Python：从共生矩阵创建无向加权图

Question

I am using Python 2.7 to create a project that would use Twitter data and analyze it. The main concept is to collect tweets and get the most common hashtags used in that collection of tweets and then I need to create a graph where hashtags would be nodes. If those hashtags would happen to appear in the same tweet that would be an edge in the graph and weight of that edge would be the co-occurrence number. So I am trying to create a dictionary of dictionaries using defaultdict(lambda : defaultdict(int)) and create a graph using networkx.from_dict_of_dicts

My code for creating the co-occurrence matrix is

def coocurrence (common_entities):


com = defaultdict(lambda : defaultdict(int))

# Build co-occurrence matrix
for i in range(len(common_entities)-1):            
    for j in range(i+1, len(common_entities)):
        w1, w2 = sorted([common_entities[i], common_entities[j]])                
        if w1 != w2:
            com[w1][w2] += 1


return com

But in order to use networkx.from_dict_of_dicts I need it to be in this format: com= {0: {1:{'weight':1}}}

Do you have any ideas how I can solve this? Or a different way of creating a graph like this?

Answer 1

First of all, I would sort the entities first, so you're not continually running sort inside the loop. Then I would use itertools.combinations to get the combinations. The straightforward translation of what you need with those changes is this:

from itertools import combinations
from collections import defaultdict


def coocurrence (common_entities):

    com = defaultdict(lambda : defaultdict(lambda: {'weight':0}))

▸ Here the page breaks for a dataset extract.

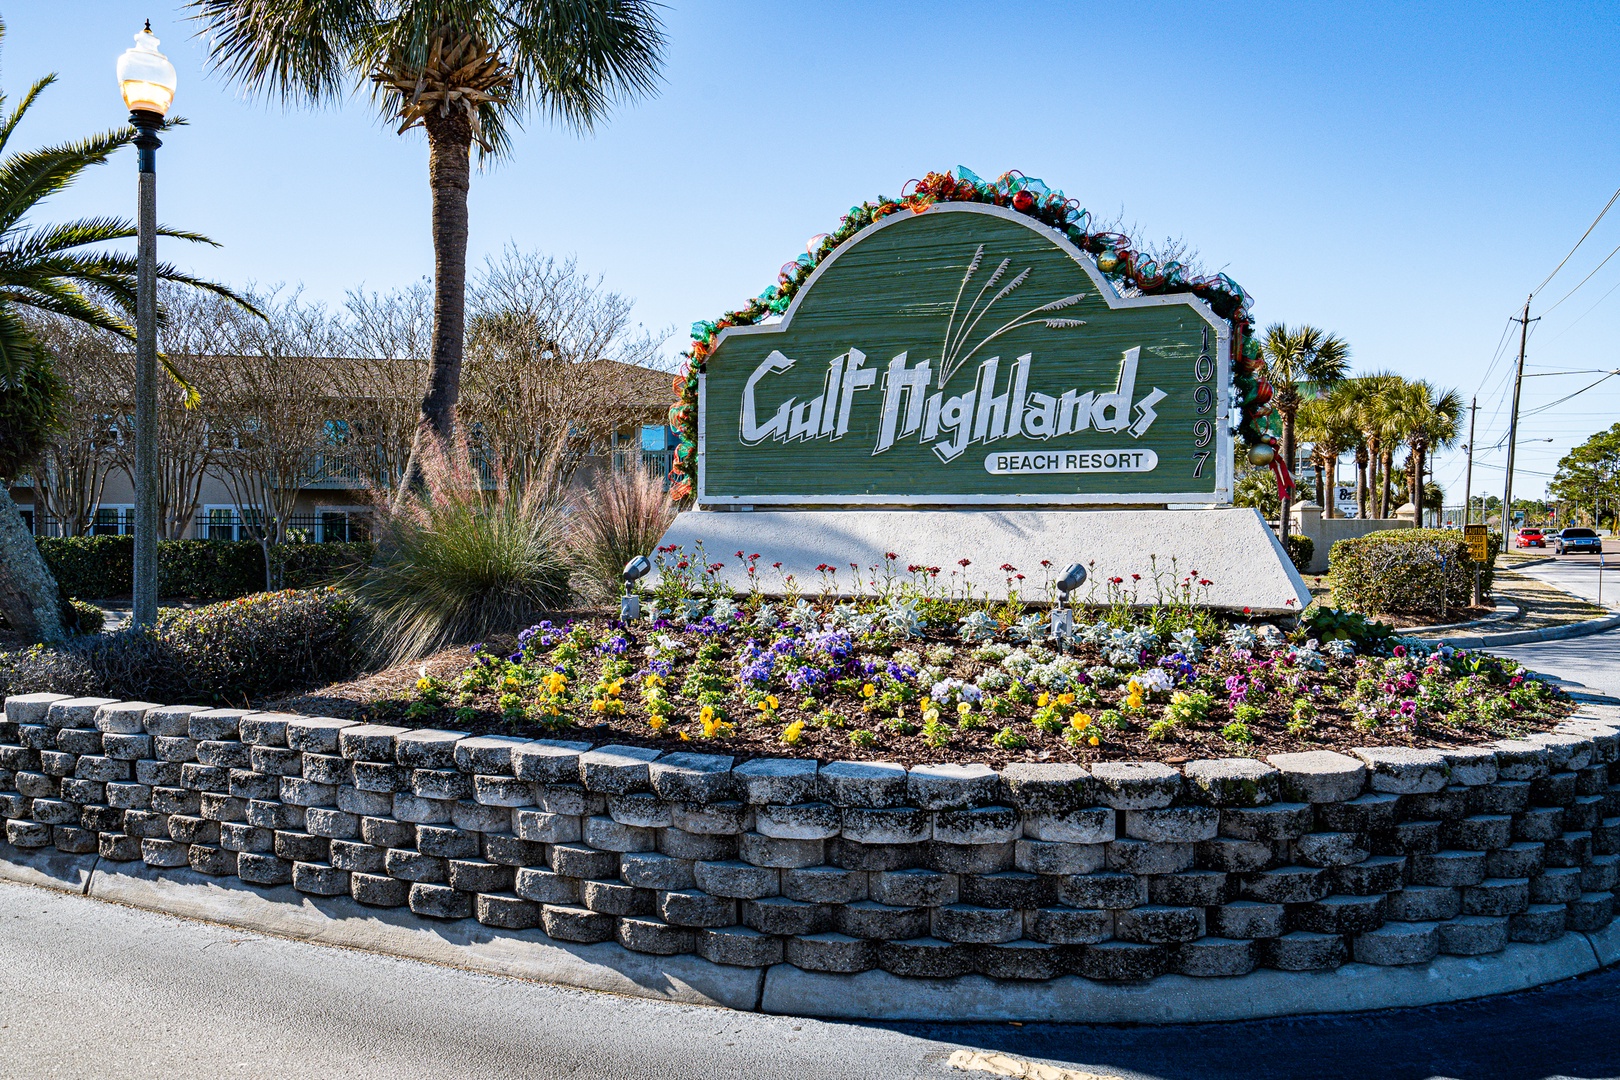 Enjoy your stay at Gulf Highlands Beach Resort!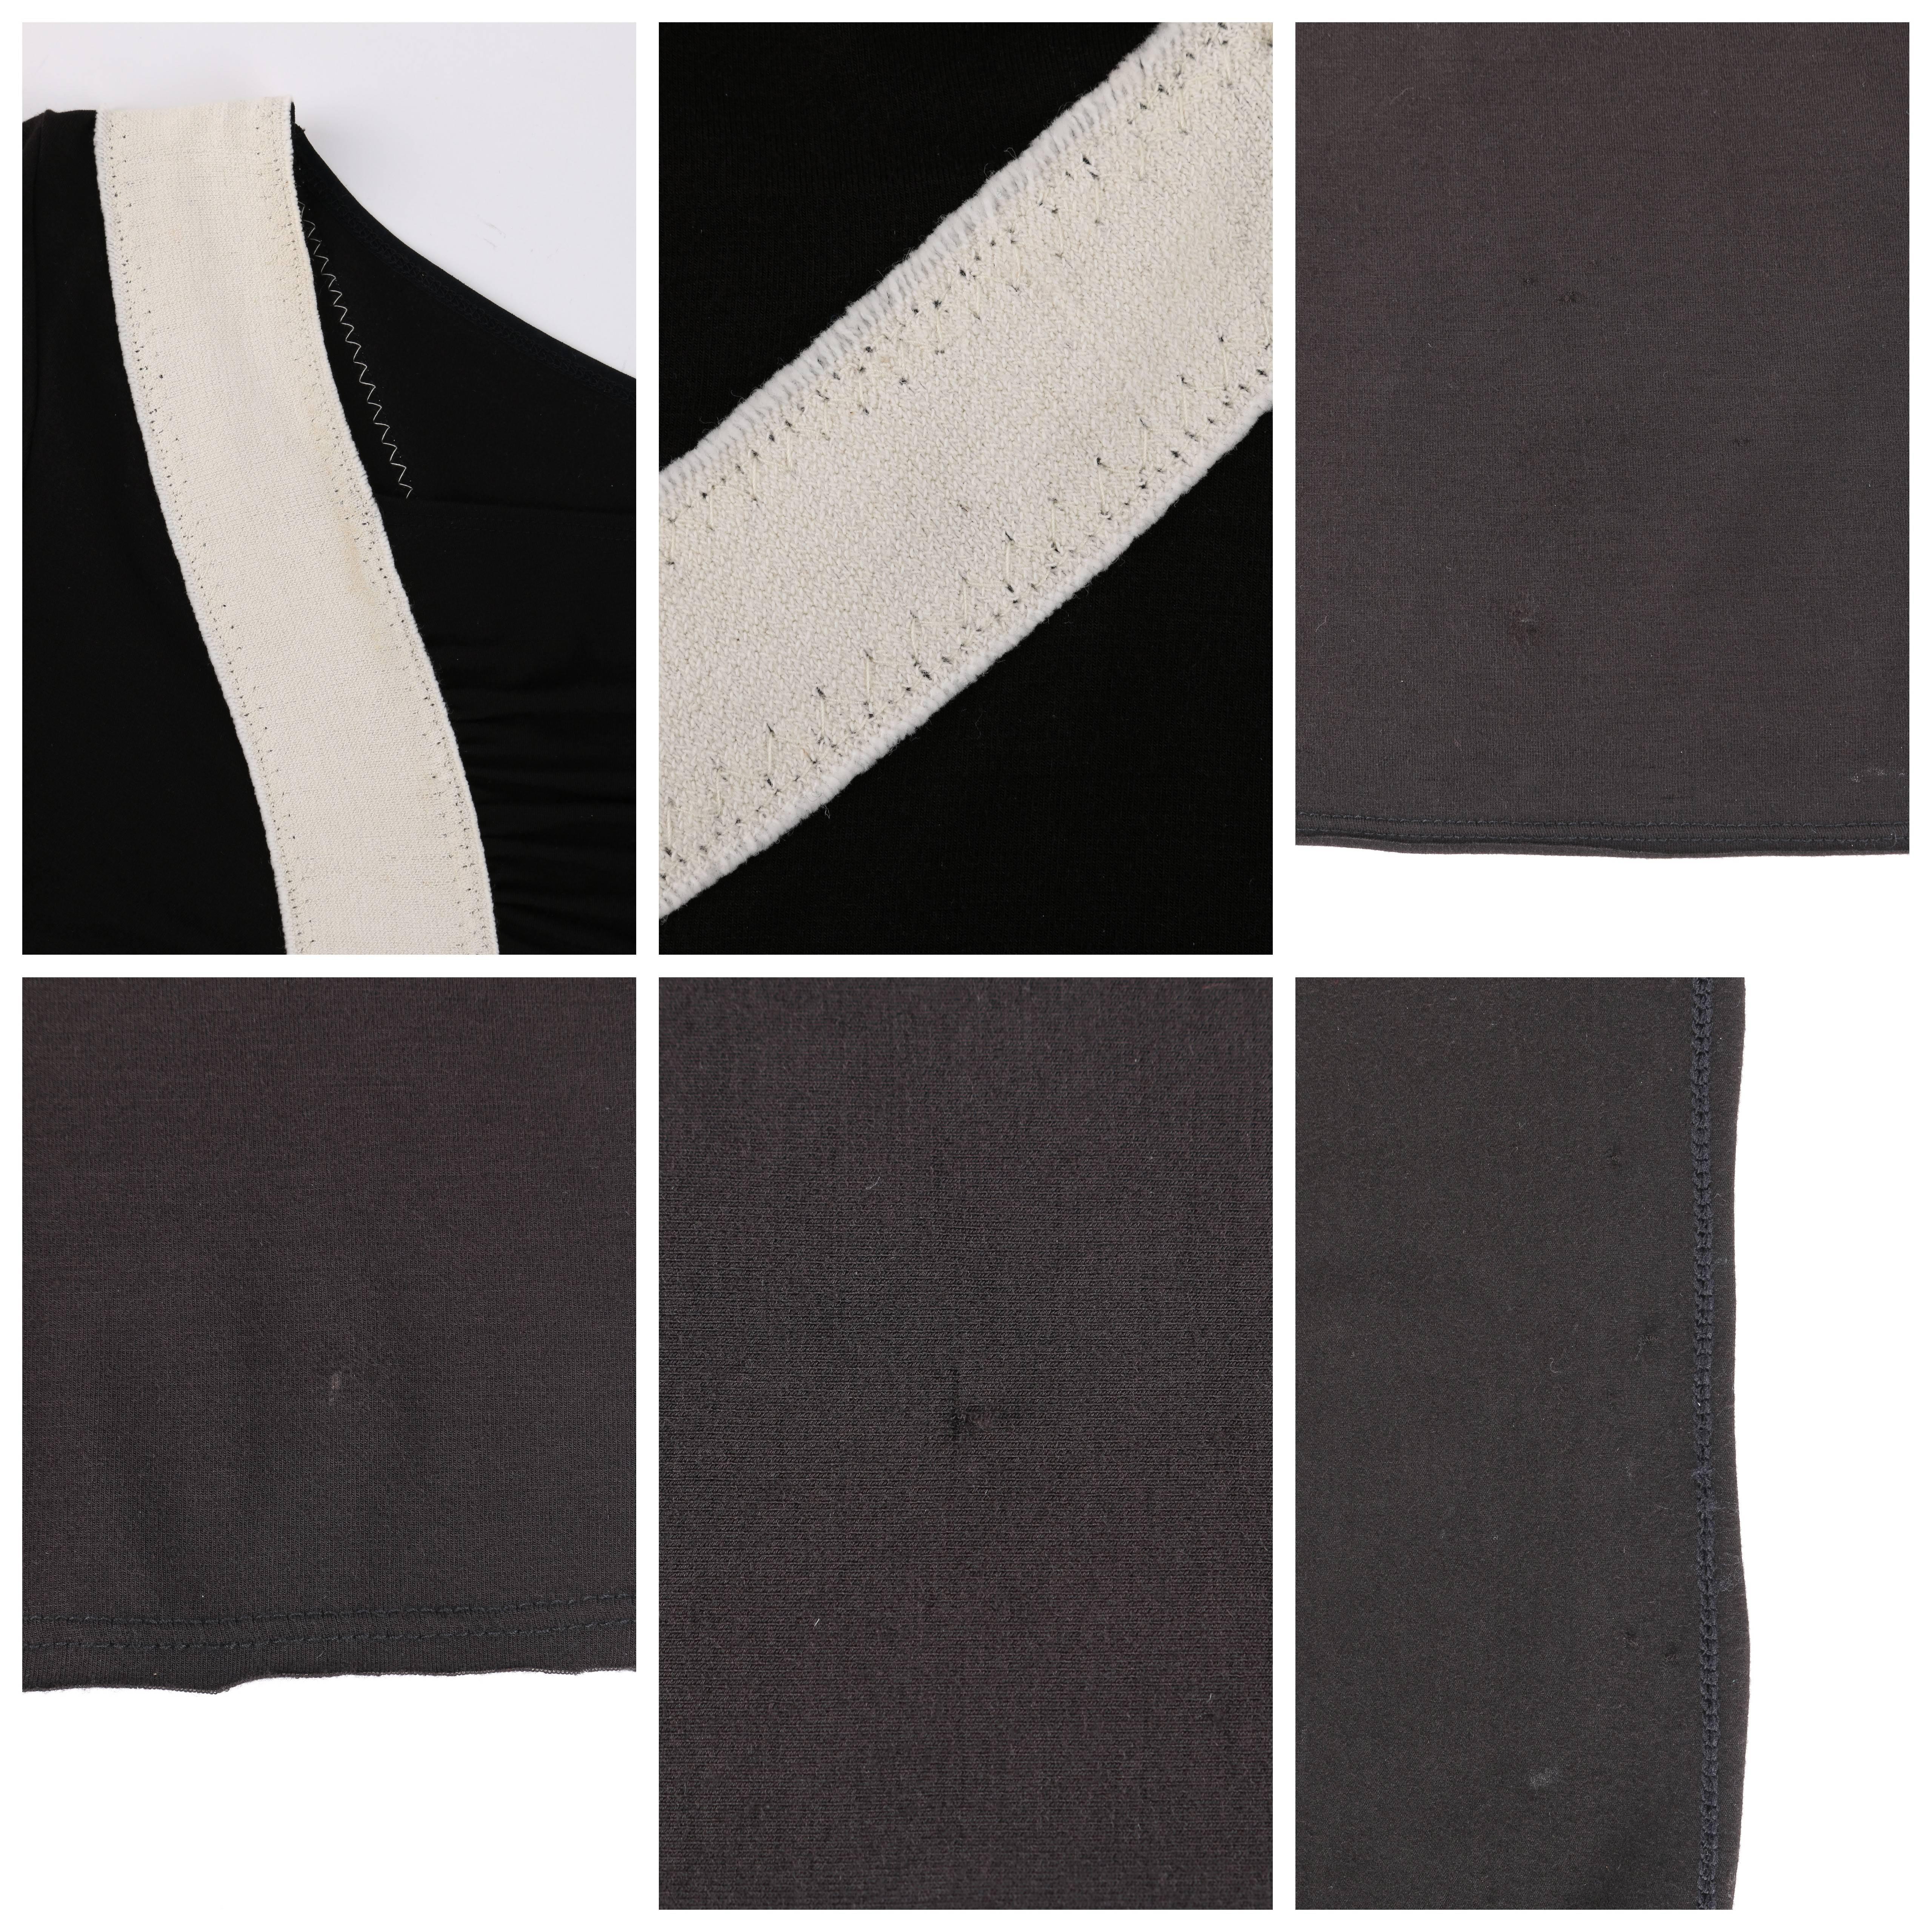 ISSEY MIYAKE S/S 2004 Black Jersey Knit Cross Bandage Sweater Top 1

    # Build co-occurrence matrix
    for w1, w2 in combinations(sorted(common_entities), 2):
        if w1 != w2:
            com[w1][w2]['weight'] += 1

    return com

print coocurrence('abcaqwvv')

It may be more efficient (less indexing and fewer objects created) to build something else first and then generate your final answer in a second loop. The second loop won't run for as many cycles as the first because all the counts have already been calculated. Also, since the second loop isn't running for as many cycles, it may be that deferring the if statement to the second loop could save more time. As usual, run timeit on multiple variations if you care, but here is one possible example of the two loop solution:

def coocurrence (common_entities):

    com = defaultdict(int)

    # Build co-occurrence matrix
    for w1, w2 in combinations(sorted(common_entities), 2):
        com[w1, w2] += 1

    result = defaultdict(dict)
    for (w1, w2), count in com.items():
        if w1 != w2:
            result[w1][w2] = {'weight': count}
    return result

print coocurrence('abcaqwvv')

Answer 2

This is the working code and best

def coocurrence(*inputs):
com = defaultdict(int)

for named_entities in inputs:
    # Build co-occurrence matrix
    for w1, w2 in combinations(sorted(named_entities), 2):
        com[w1, w2] += 1
        com[w2, w1] += 1  #Including both directions

result = defaultdict(dict)
for (w1, w2), count in com.items():
    if w1 != w2:
        result[w1][w2] = {'weight': count}
return result